School officials call it coincidental that the alliance applied while school policies were being reviewed, but representatives of the American Civil Liberties Union of New Mexico say they are concerned about the timing of the decision.
"This sort of tactic has been used in the past by school districts to discourage gay-straight clubs from forming," Micah McCoy, communications specialist for ACLU of New Mexico, said on Wednesday. "A lot of alarm bells went off when we saw this."
In a vote Tuesday night, the Clovis school board decided to prohibit any extra-curricular club from meeting during school hours or using school resources to meet and gather.

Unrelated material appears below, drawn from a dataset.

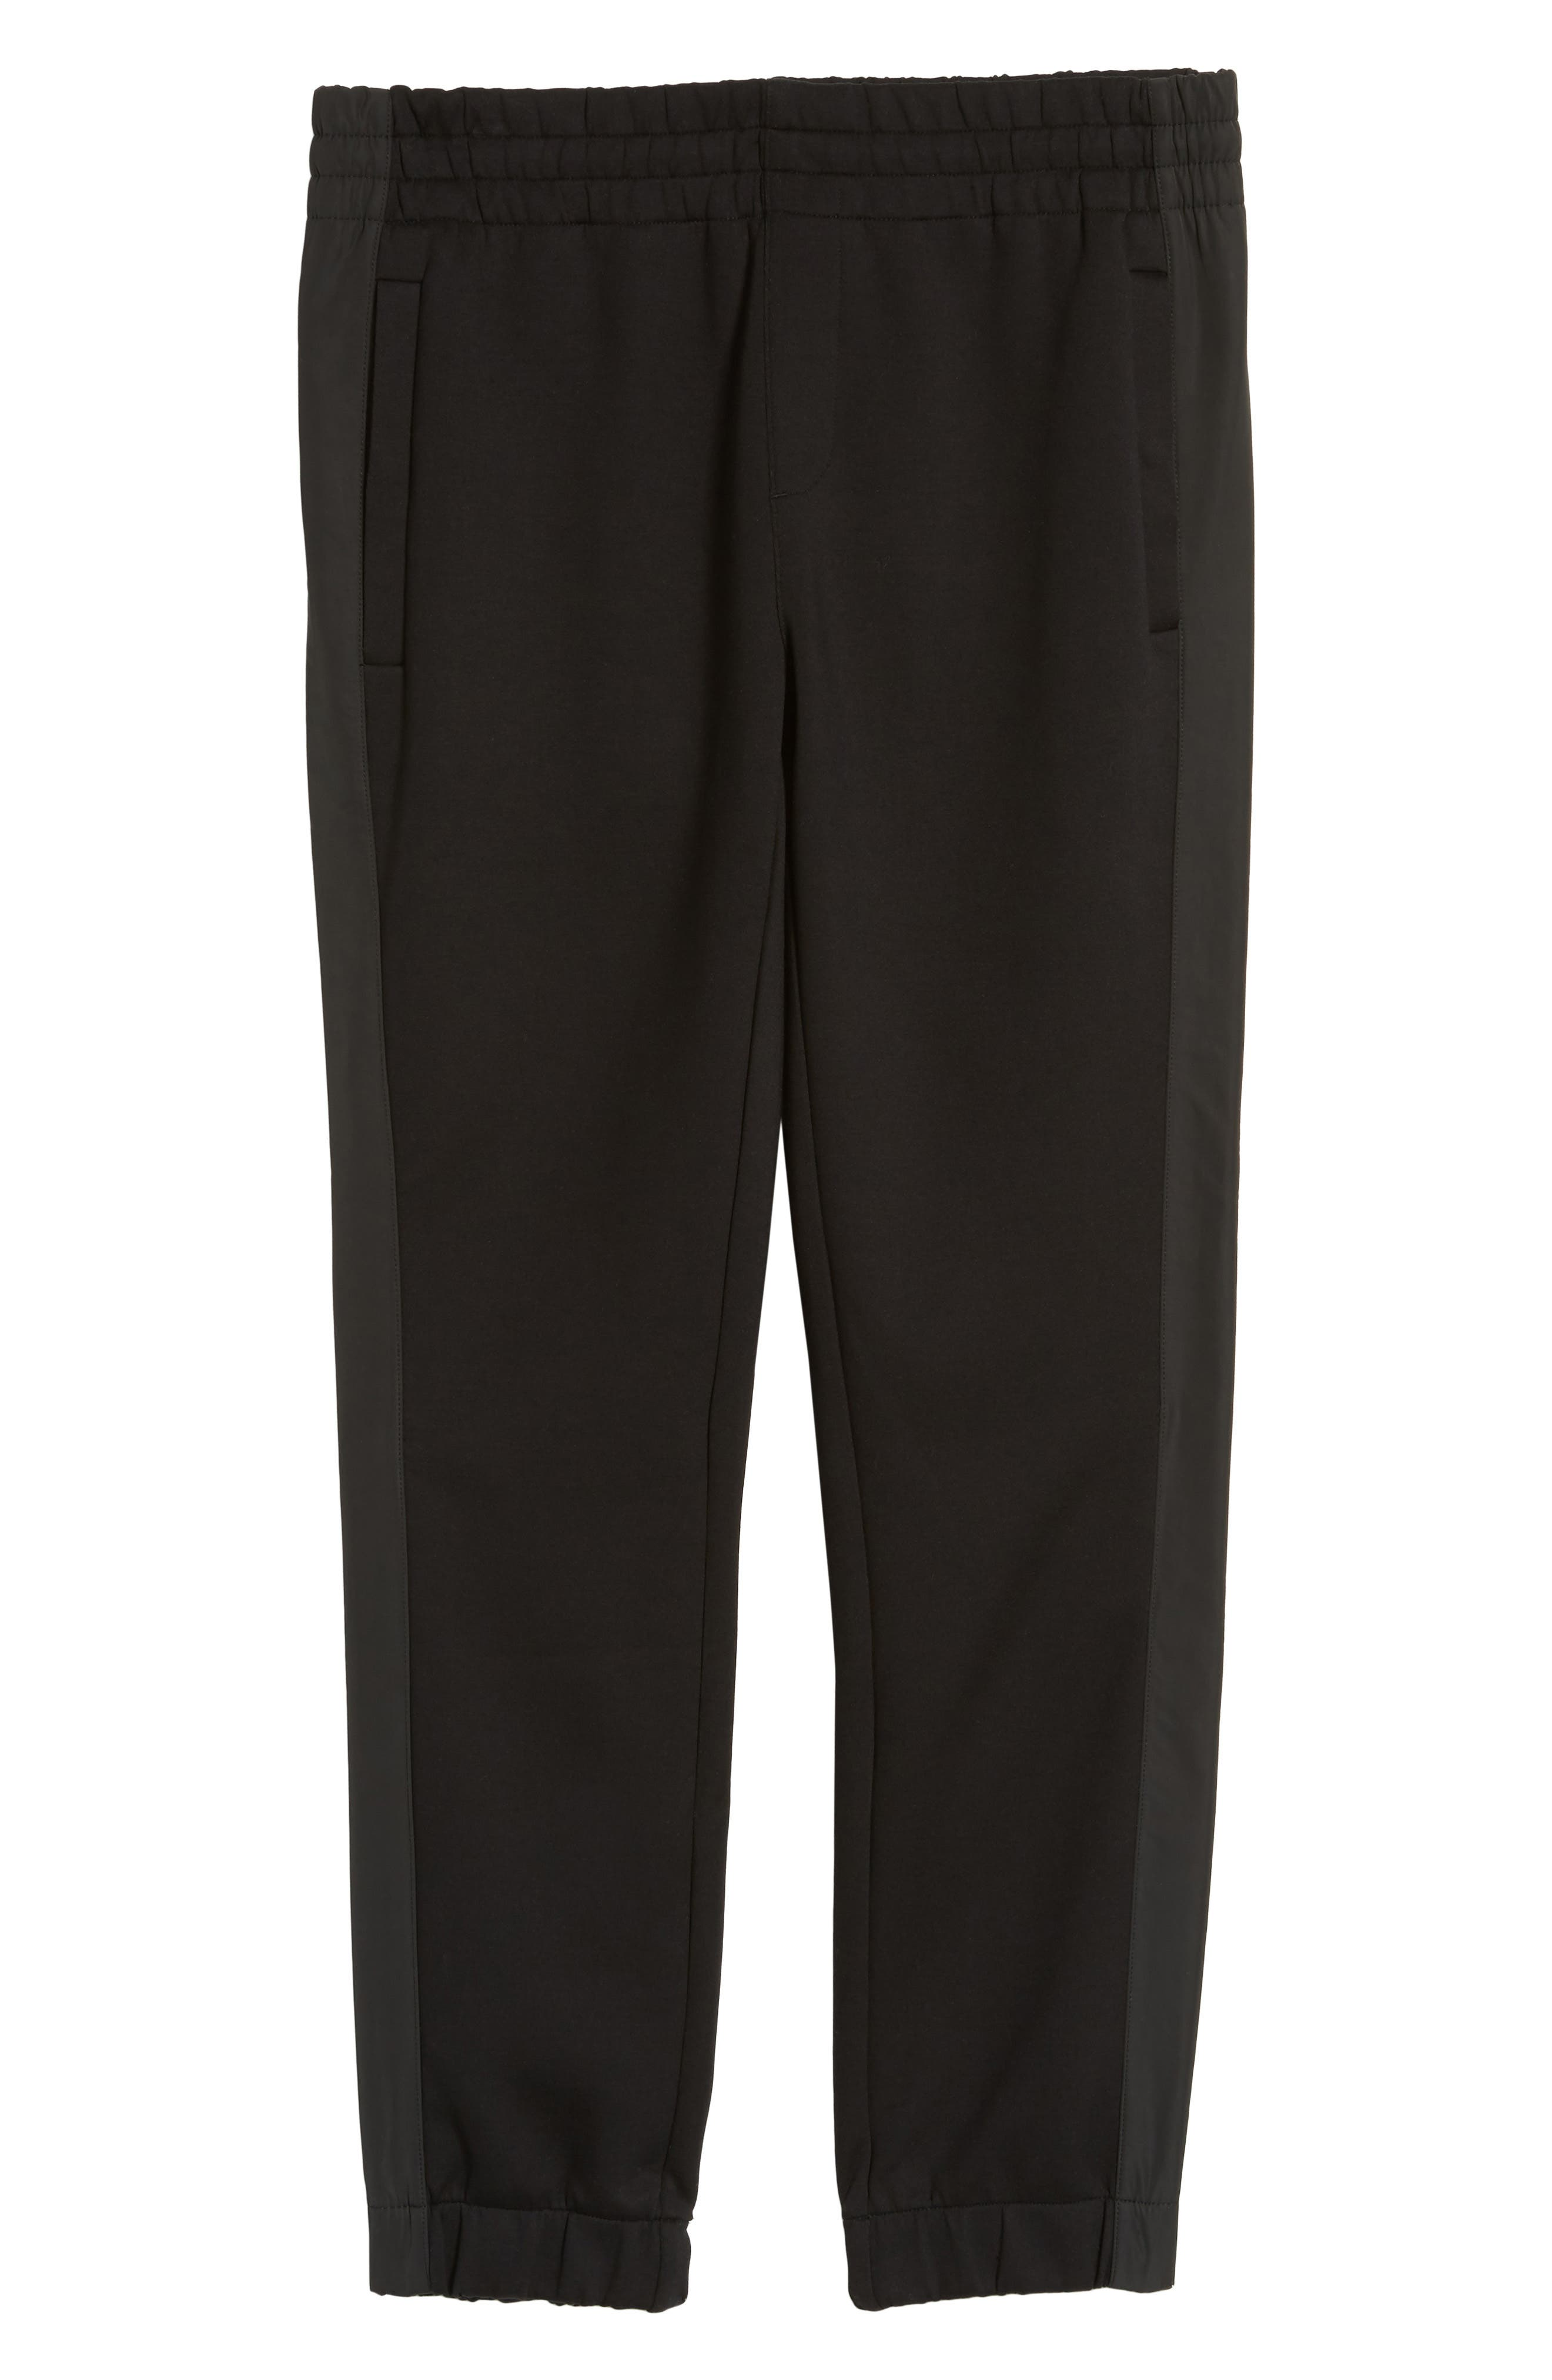 Lamont Mercedes Jogger Pants,                             Alternate thumbnail 6, color,                             Black

Meetings for the gay-straight alliance were going to be held after school all along, said James Walker, a senior at the school. But without resources or the ability to hang flyers or make announcements, it will be difficult to publicize meetings, he said.
"Now it's almost an underground operation," he said.
The gay-straight alliance is meant to create a safe place where students can get together and work toward greater tolerance and make schools safer places for gay, lesbian transgender and questioning students, McCoy said.
Clovis is in eastern New Mexico, on the border with Texas. There are 15 extra-curricular clubs currently at the school.
Calls to Clovis High School principal Wayne Marshall and district superintendent Terry Myers were not returned on Wednesday.
But Myers, who is in his first year at Clovis, told the Albuquerque Journal this week that the gay-straight alliance's application did not trigger the policy review.
"Being a new superintendent in Clovis, the board asked me to review each policy as it came up and make recommendations or at least bring those to their attention if there's some question as to what the board truly wants with a particular policy," Myers said, according to the newspaper. "This was not prompted by a particular request."
This isn't the first time the high school has gotten attention for an issue involving gay and lesbian students.
In 2008, the school changed its yearbook policy after a public outcry when lesbian couples were featured on a couples page of the yearbook. Now, the principal reviews any content that may be controversial.